Solar eclipse of November 15, 2096
- Map
- Gamma: −0.20
- Magnitude: 0.9237

Maximum eclipse
- Duration: 533 s (8 min 53 s)
- Coordinates: 29°42′S 163°18′E﻿ / ﻿29.7°S 163.3°E
- Max. width of band: 294 km (183 mi)

Times (UTC)
- Greatest eclipse: 0:36:15

References
- Saros: 144 (21 of 70)
- Catalog # (SE5000): 9725

= Solar eclipse of November 15, 2096 =

Future annular solar eclipse

An annular solar eclipse will occur at the Moon's descending node of orbit between Wednesday, November 14 and Thursday, November 15, 2096, with a magnitude of 0.9237. A solar eclipse occurs when the Moon passes between Earth and the Sun, thereby totally or partly obscuring the image of the Sun for a viewer on Earth.
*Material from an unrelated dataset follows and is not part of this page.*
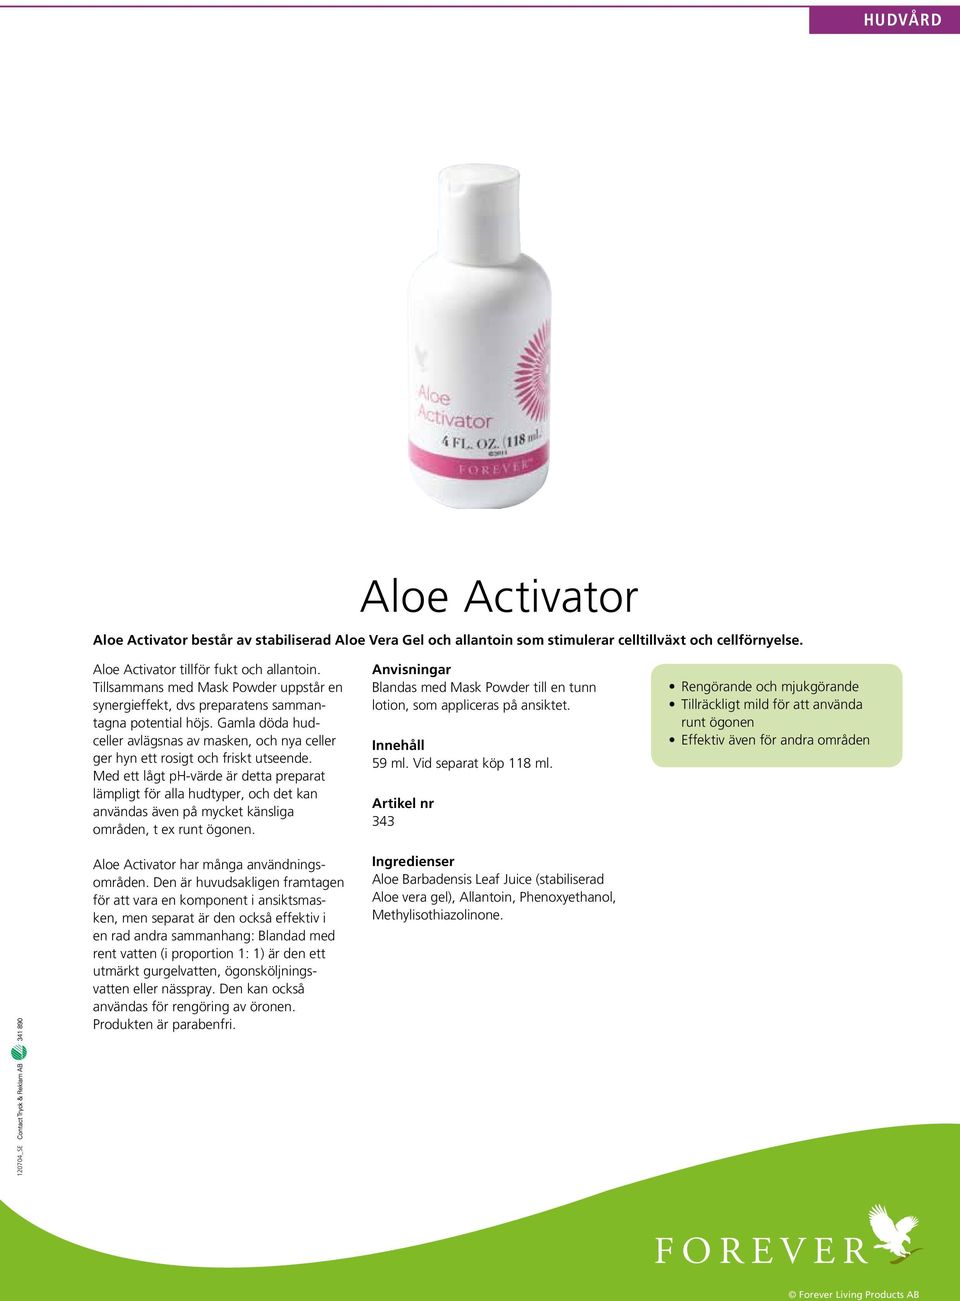 Med ett lågt ph-värde är detta preparat lämpligt för alla hudtyper, och det kan användas även på mycket känsliga områden, t ex runt ögonen. Aloe Activator har många användningsområden.

An annular solar eclipse occurs when the Moon's apparent diameter is smaller than the Sun's, blocking most of the Sun's light and causing the Sun to look like an annulus (ring). An annular eclipse appears as a partial eclipse over a region of the Earth thousands of kilometres wide. Occurring about 1.2 days before apogee (on November 16, 2096, at 5:05 UTC), the Moon's apparent diameter will be smaller.

The path of annularity will be visible from parts of Malaysia, Brunei, Indonesia, Papua New Guinea, northeastern Australia, and New Zealand. A partial solar eclipse will also be visible for parts of Southeast Asia, Australia, Oceania, and Antarctica.

== Eclipse details ==
Shown below are two tables displaying details about this particular solar eclipse. The first table outlines times at which the Moon's penumbra or umbra attains the specific parameter, and the second table describes various other parameters pertaining to this eclipse.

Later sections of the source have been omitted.